Assignment → Whenever a picture appears in the listing below, leave it out, and copy exactly the lines from the one containing "Sea To Summit" through the end.

Data excerpt →
.....

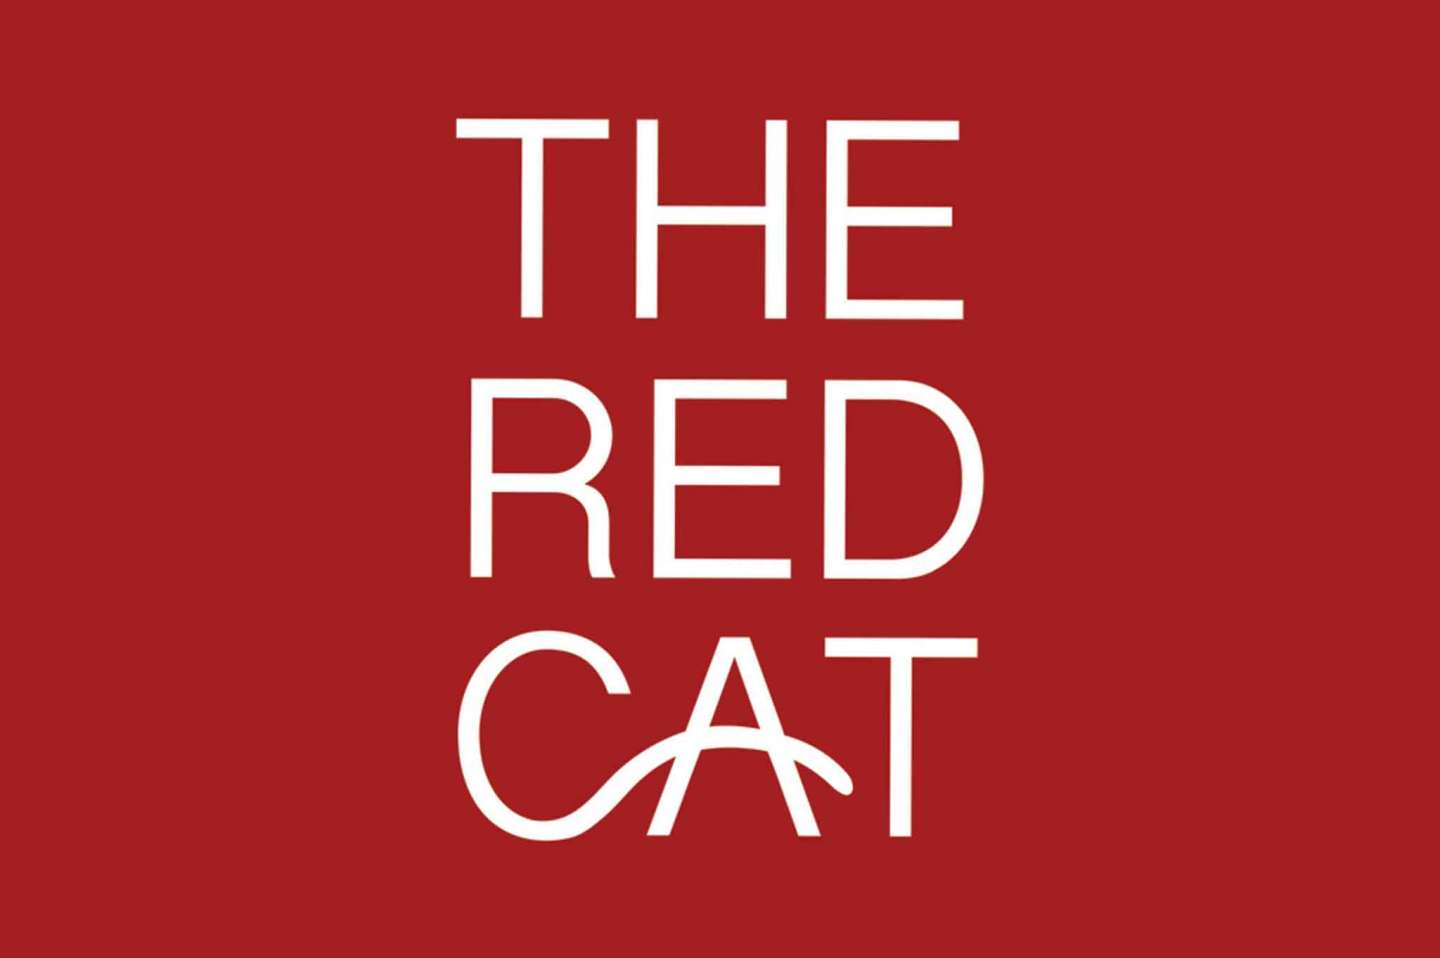 THE RED CAT
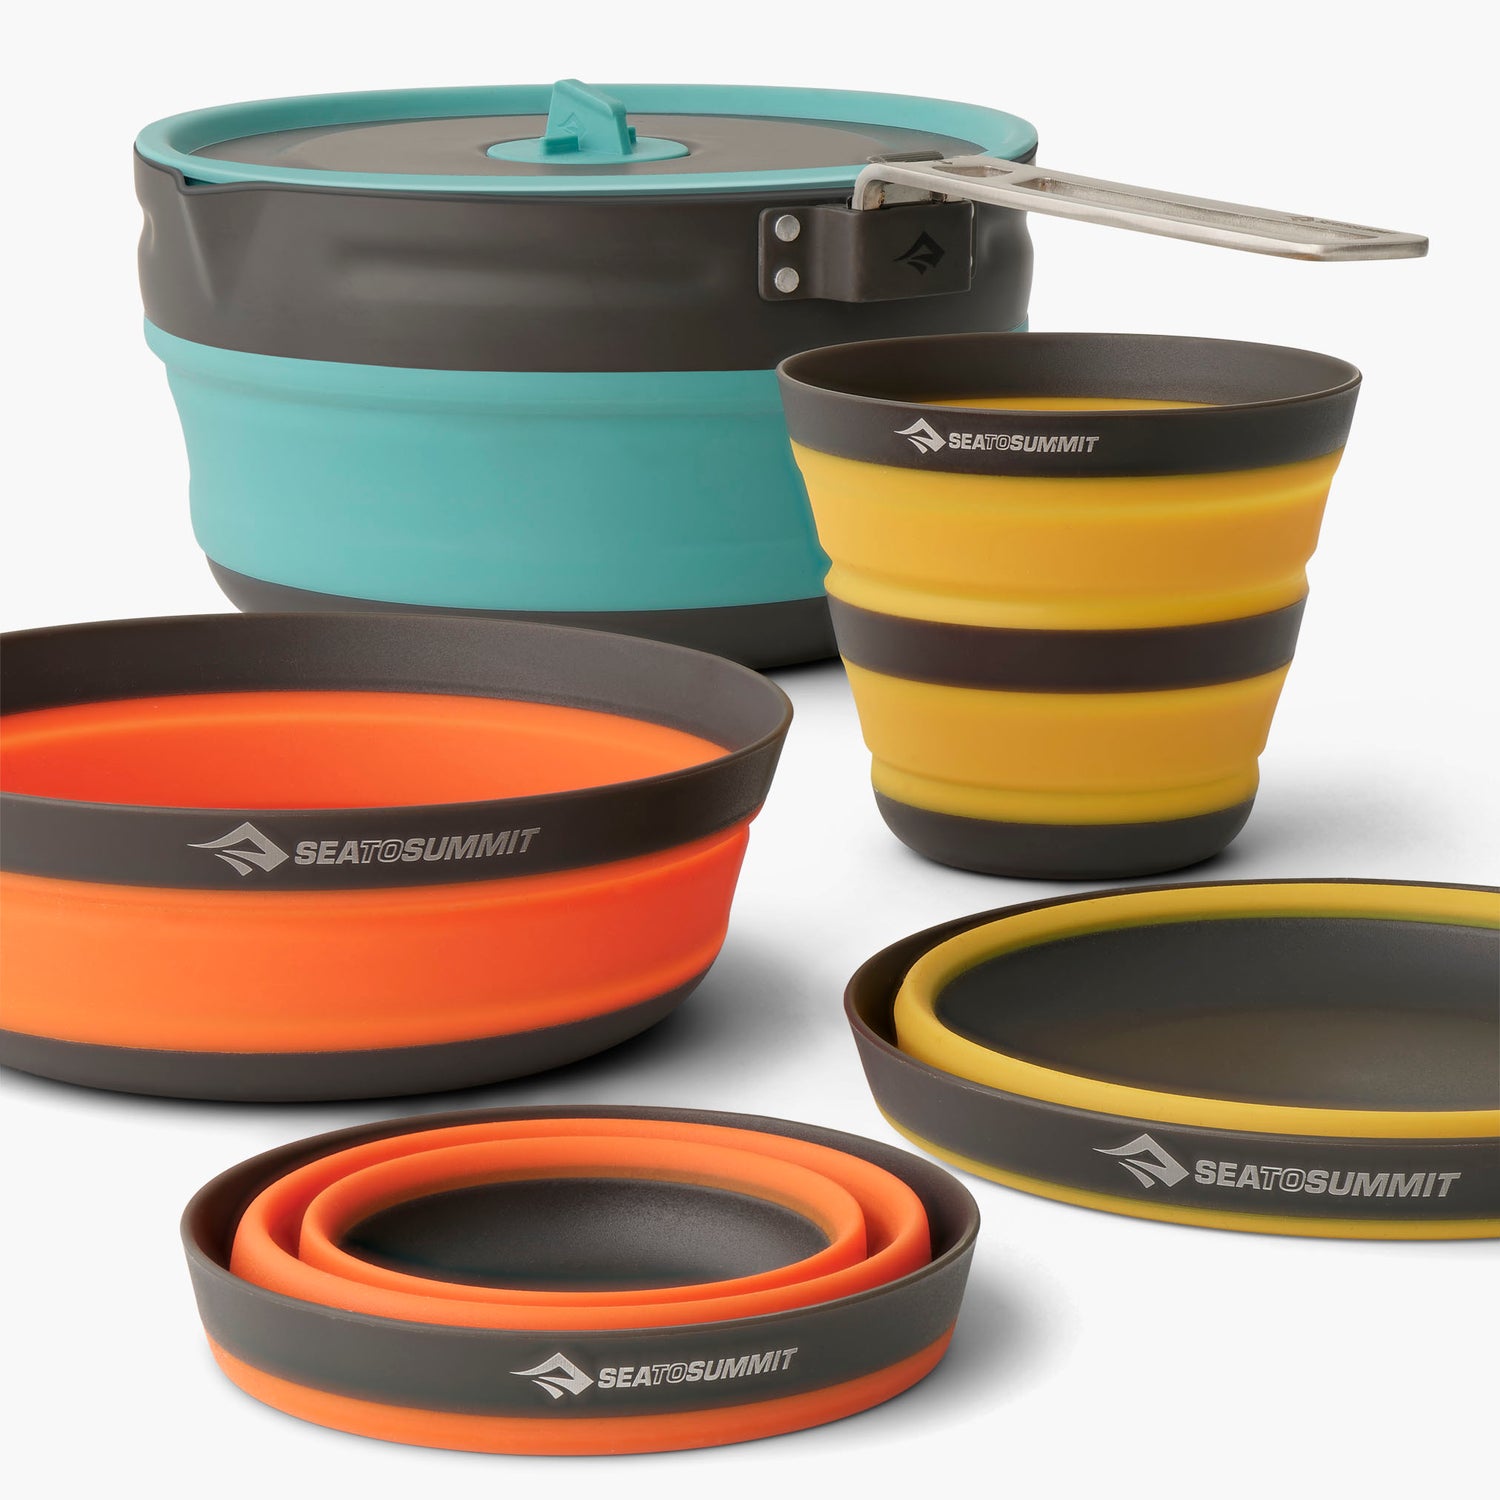 Sea To Summit Frontier UL Collapsible One Pot Cook Set w/ 2.2L Pot - 2P 5 Piece
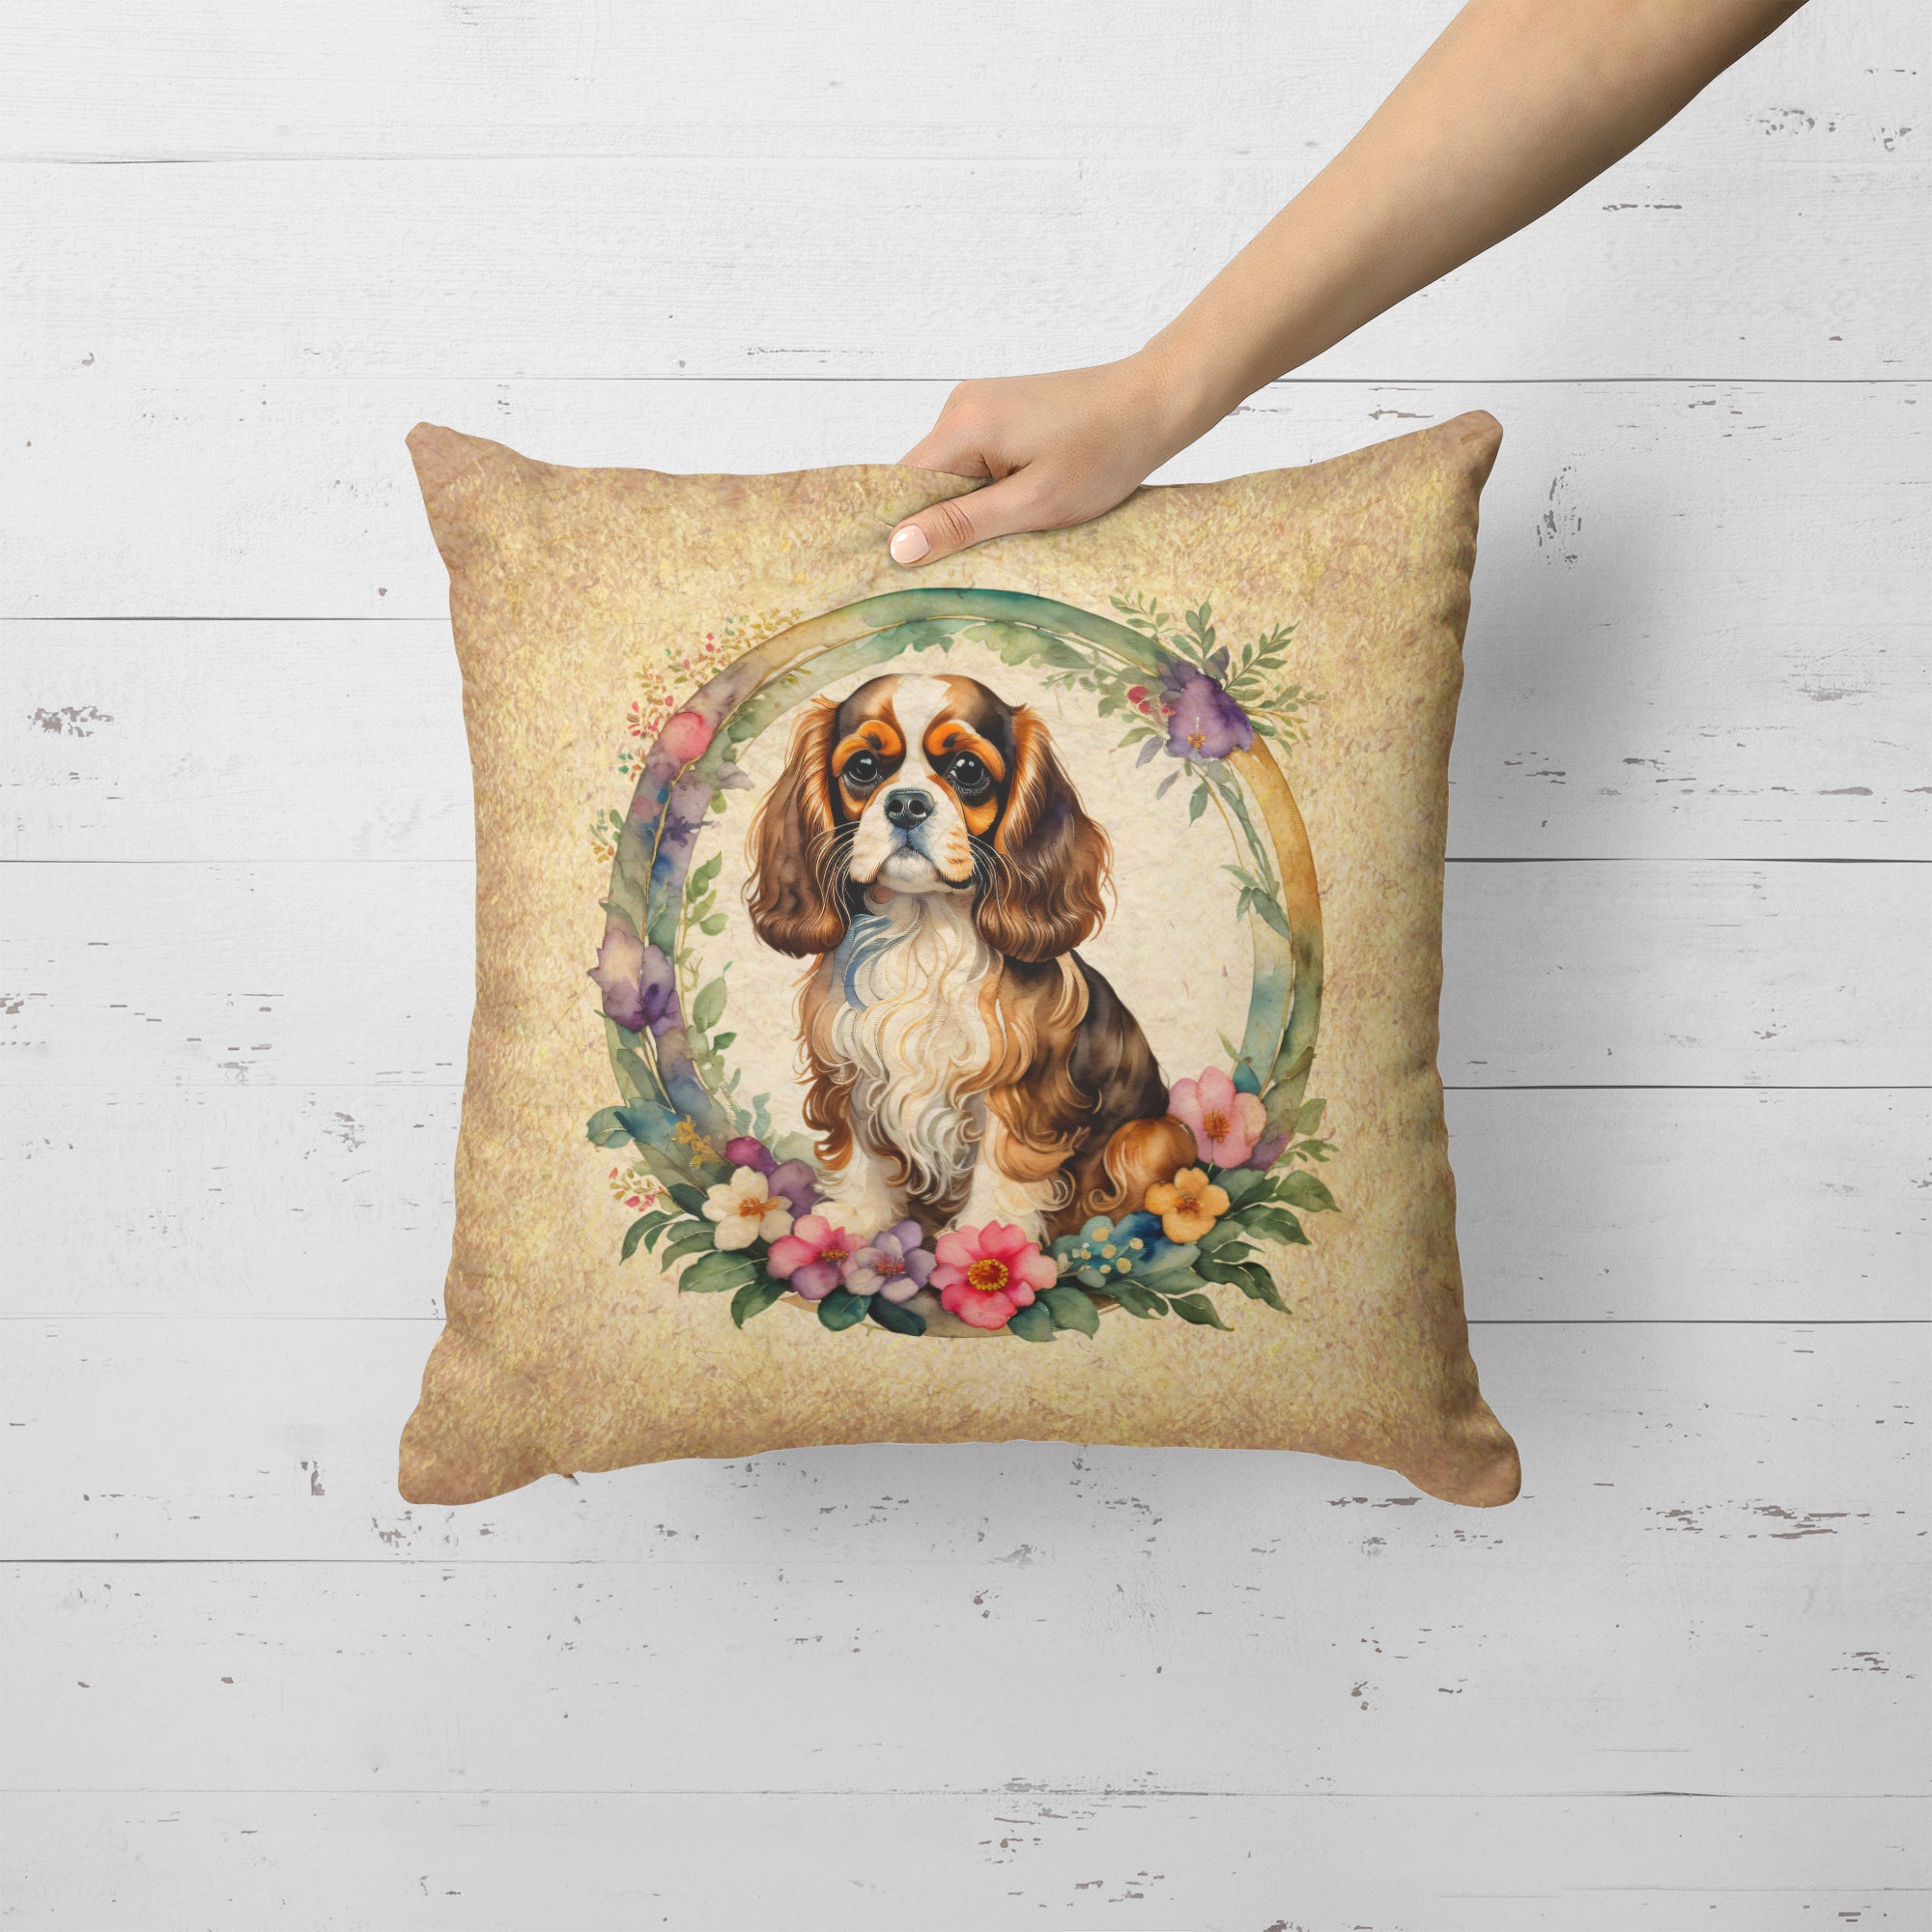 Buy this Cavalier Spaniel and Flowers Fabric Decorative Pillow

.....

Task answer →
 Sea To Summit Frontier UL Collapsible One Pot Cook Set w/ 2.2L Pot - 2P 5 Piece
 Buy this Cavalier Spaniel and Flowers Fabric Decorative Pillow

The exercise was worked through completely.